▶ Requirement
Two lines in the listing below mark the span: one contains "La vieille ville historique" and one contains "2014 Christmas Blue". Reproduce both of them and everything between, exactly.

▶ Source material
>>>>>

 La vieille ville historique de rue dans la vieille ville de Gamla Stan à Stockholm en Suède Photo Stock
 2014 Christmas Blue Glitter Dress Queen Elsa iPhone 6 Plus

<<<<<
>>>>>

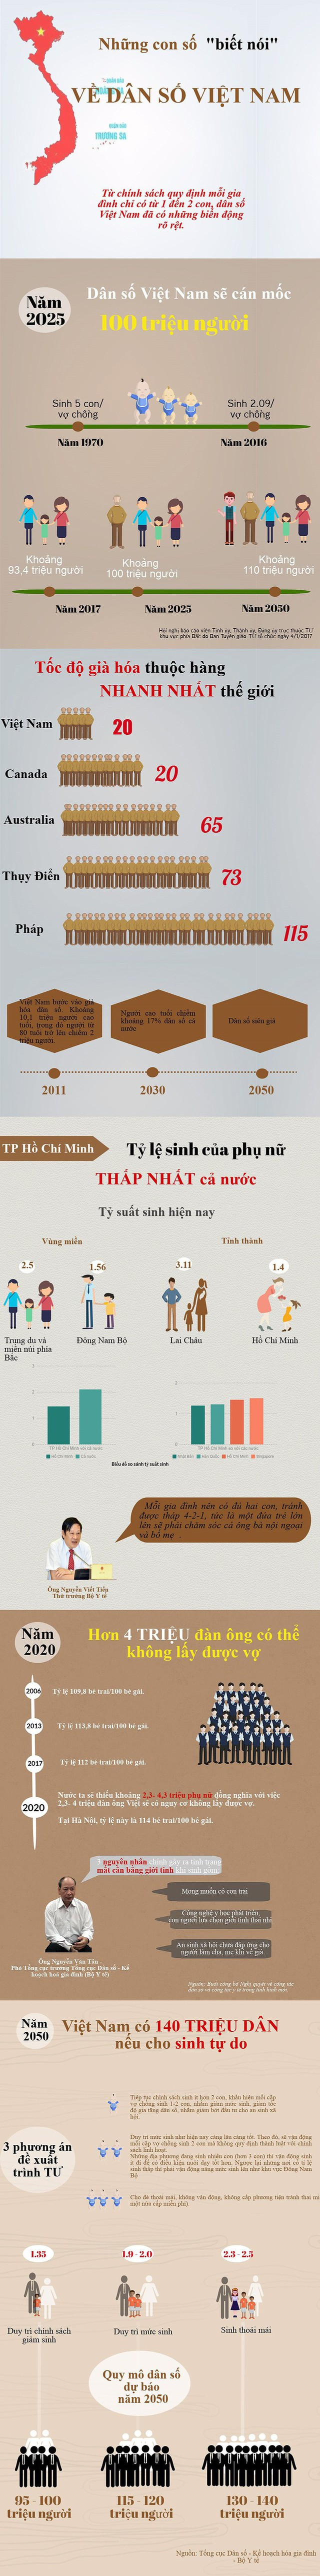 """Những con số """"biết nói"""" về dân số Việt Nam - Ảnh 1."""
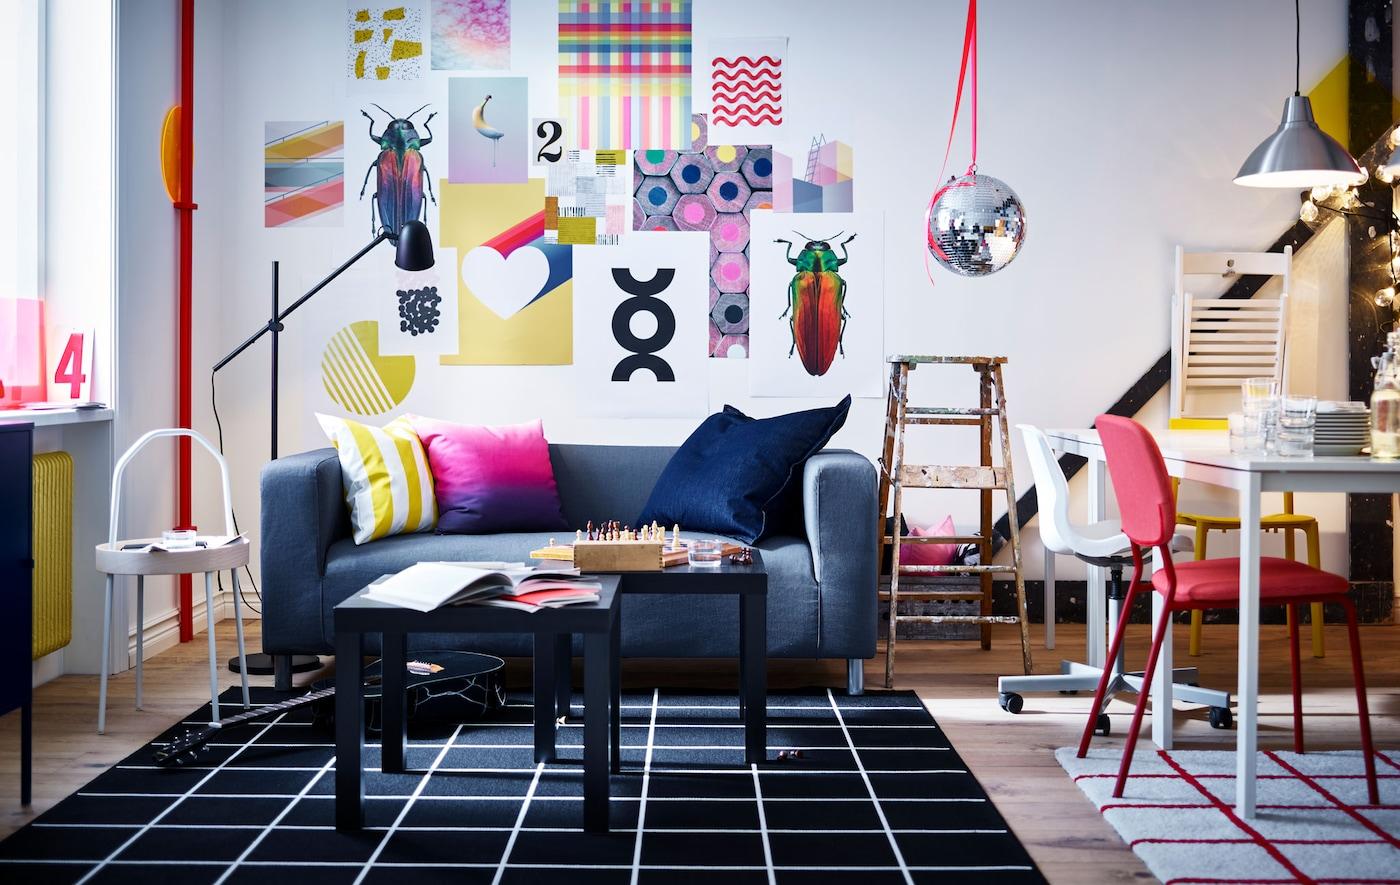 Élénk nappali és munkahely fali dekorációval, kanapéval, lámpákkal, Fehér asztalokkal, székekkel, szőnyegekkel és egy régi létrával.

<<<<<
>>>>>

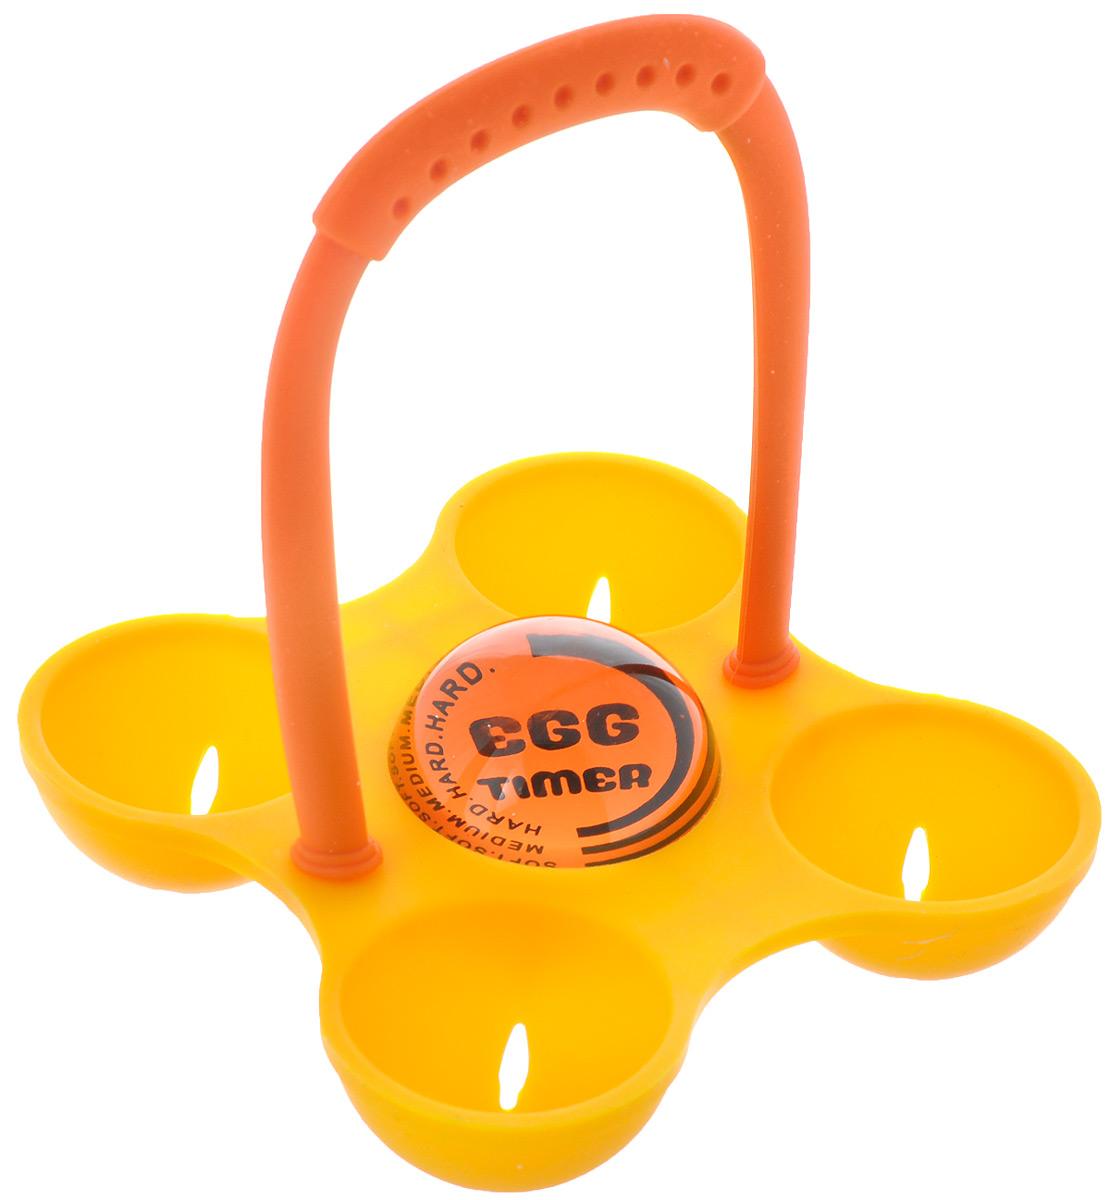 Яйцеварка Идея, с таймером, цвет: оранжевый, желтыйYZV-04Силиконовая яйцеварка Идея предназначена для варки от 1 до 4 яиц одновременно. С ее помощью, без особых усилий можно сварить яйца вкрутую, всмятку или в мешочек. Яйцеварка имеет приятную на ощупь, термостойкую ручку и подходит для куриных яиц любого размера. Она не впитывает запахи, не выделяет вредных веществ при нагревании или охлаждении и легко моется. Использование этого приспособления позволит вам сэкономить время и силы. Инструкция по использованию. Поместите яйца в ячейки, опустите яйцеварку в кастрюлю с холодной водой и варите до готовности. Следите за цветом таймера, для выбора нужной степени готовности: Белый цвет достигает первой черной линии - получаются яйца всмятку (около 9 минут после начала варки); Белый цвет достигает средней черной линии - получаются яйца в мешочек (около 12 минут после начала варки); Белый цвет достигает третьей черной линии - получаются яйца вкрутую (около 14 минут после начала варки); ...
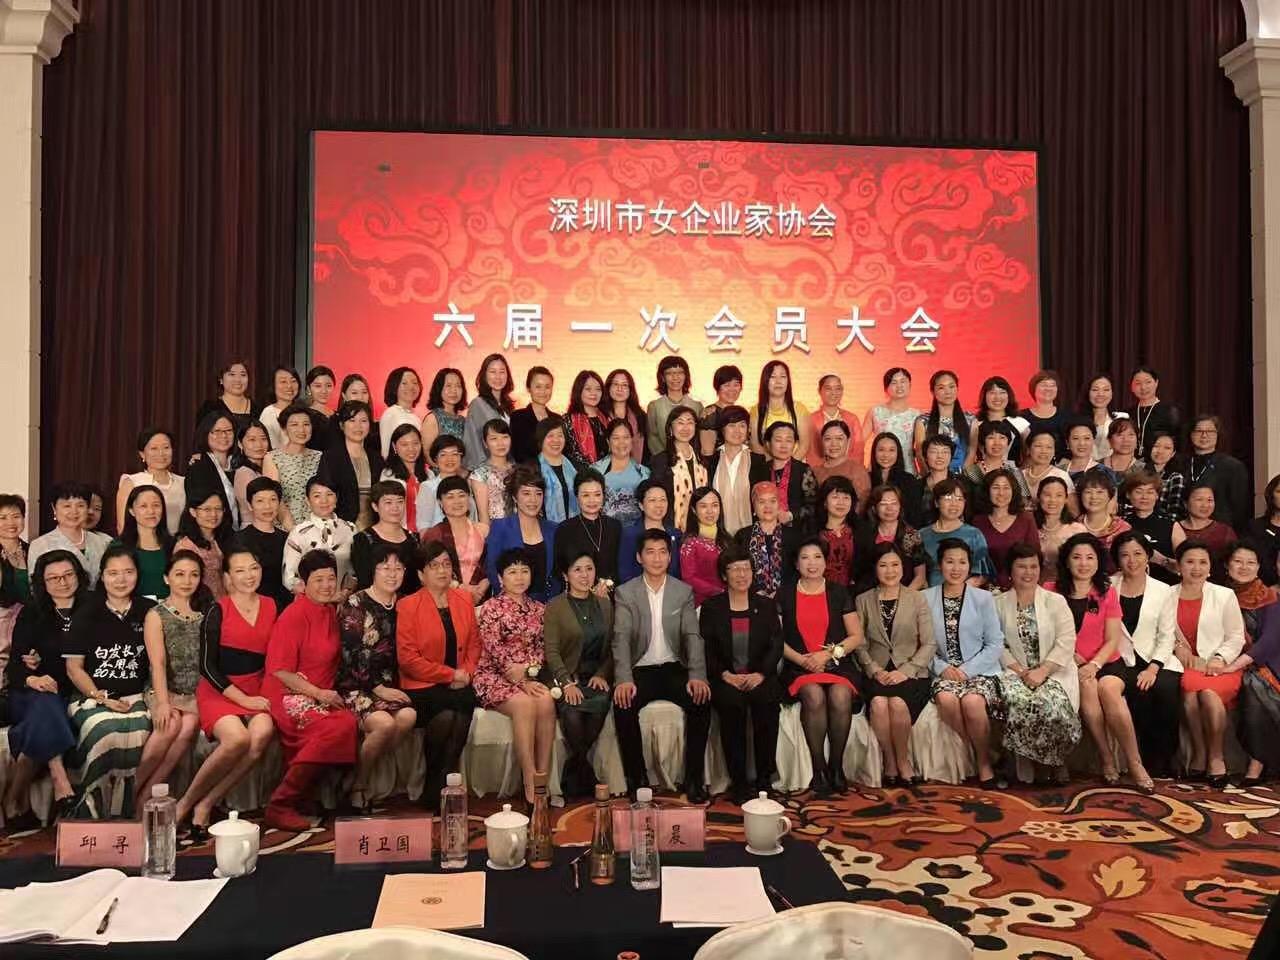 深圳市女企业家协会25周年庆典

<<<<<

▶ Exercise output
 La vieille ville historique de rue dans la vieille ville de Gamla Stan à Stockholm en Suède Photo Stock
 2014 Christmas Blue Glitter Dress Queen Elsa iPhone 6 Plus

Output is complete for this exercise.